Cross-validation. In practice, optimal models are impossible because a true testing set is never a priori knowledge. For this reason, it is very important to use a training set as effectively as possible. The process of cross-validation, where a subset of the training set is withheld and treated as a testing set, is used to assess how a model will perform in practice. A randomly selected population from the training set may be biased, i.e. it may characterize the full training set poorly; for this reason, it matters how the training set is partitioned for cross-validation. Any of a number of partition strategies can be employed in cross-validation: random split, leave-P-out, stratified shuffle split, to name a few. To reduce variability, multiple rounds, or k-folds, of cross-validation are usually performed using different partitions.

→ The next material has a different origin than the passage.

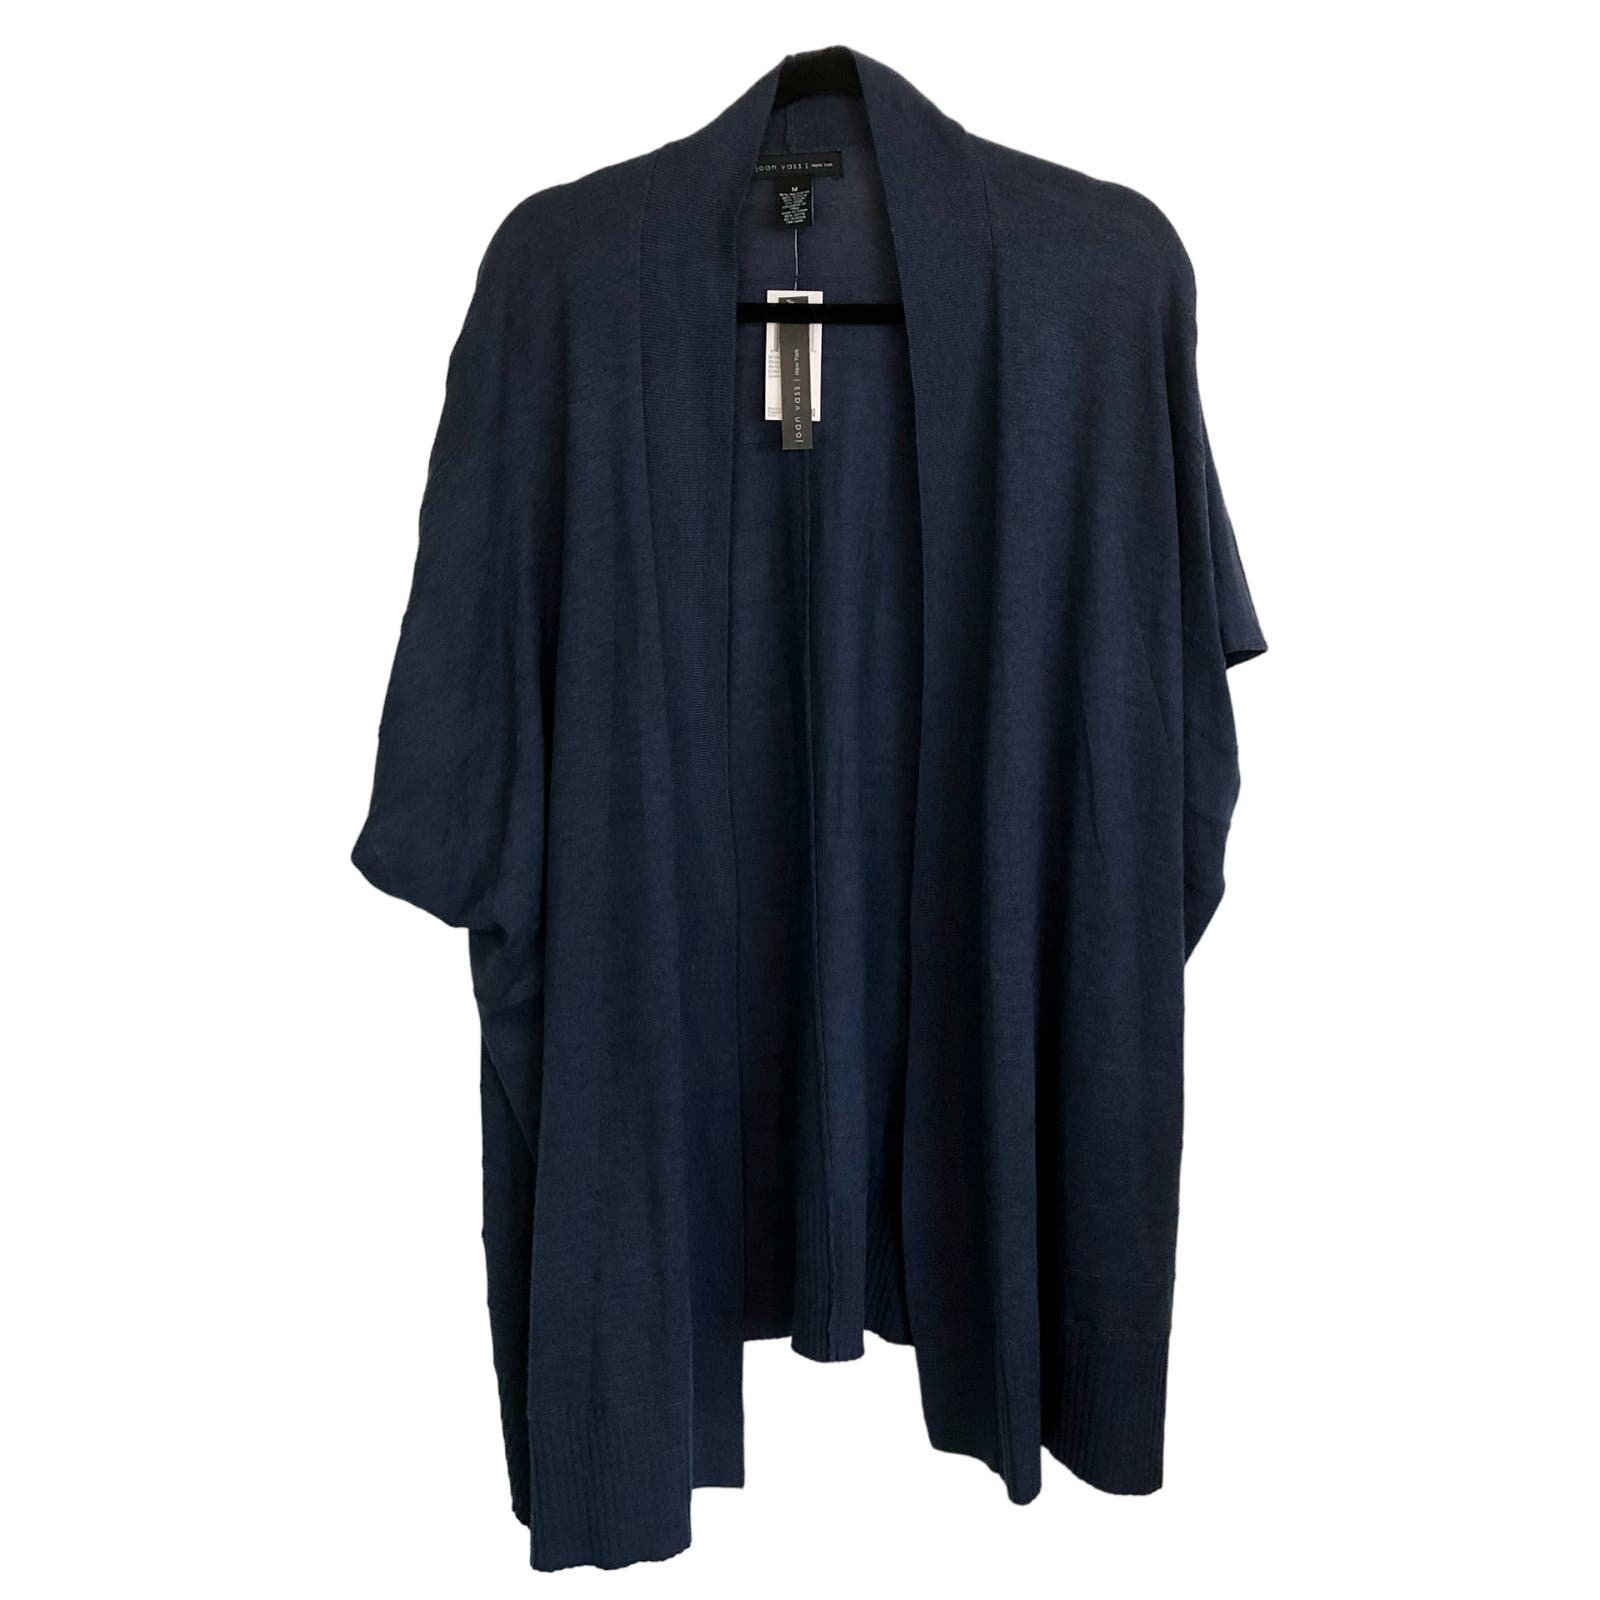 NWT Joan Voss Cardigan Size Medium Dark Blue Wool Blend

Measuring performance. True performance is never really known. Performance measures are, in fact, estimates. The more complete a data set is and the higher the quality its acquisition, the closer a performance measure comes to the truth. Regression loss metrics are borrowed directly from statistics: variance, mean absolute error, mean squared error, mean squared logarithmic error, median absolute error, r2 (coefficient of determination), etc. Classification metrics are, at once, simpler and more complicated: simpler in their calculations and more complicated in divining their meaning. The result of a classification, illustrated by a confusion matrix, is one of four outcomes; a true positive, a false positive, a true negative, and a false negative. These are the four outcomes of conditional probability, as formalized in Bayes’ Theorem (for a nice visualization of this, visit [6]. Accuracy is the ratio of correct predictions to all predictions. This metric, while important, does not tell the whole story. The aptly-named precision metric refers to the ratio of true positives to true and false positives and evaluates a classifier’s precision. The recall metric is the ratio of true positives to false negatives, which evaluates the classifier’s completeness. The F1 score, calculated

2 (precision * recall) (precision + recall)-1

measures a balance between precision and recall, which is often a very effective metric to evaluate a classifier’s performance [7].

Unsupervised learning

Unsupervised learning seeks to exploit natural structures in unlabeled data. It is not obvious that they would be, but unsupervised methods are extremely useful for geophysicists, especially subsurface interpreters. Unsupervised learning will present an interpreter with considerable opportunity for authorship and will be increasingly used as a supplement to interpretation methods. For example, Lassock and Sansal’s work on prestack sparse azimuthal AVO inversion, where attributes extracted using the azimuthal inversion are clustered using an unsupervised learning algorithm [8]. There are two families of problems commonly solved with unsupervised learning methods: dimensionality reduction and clustering.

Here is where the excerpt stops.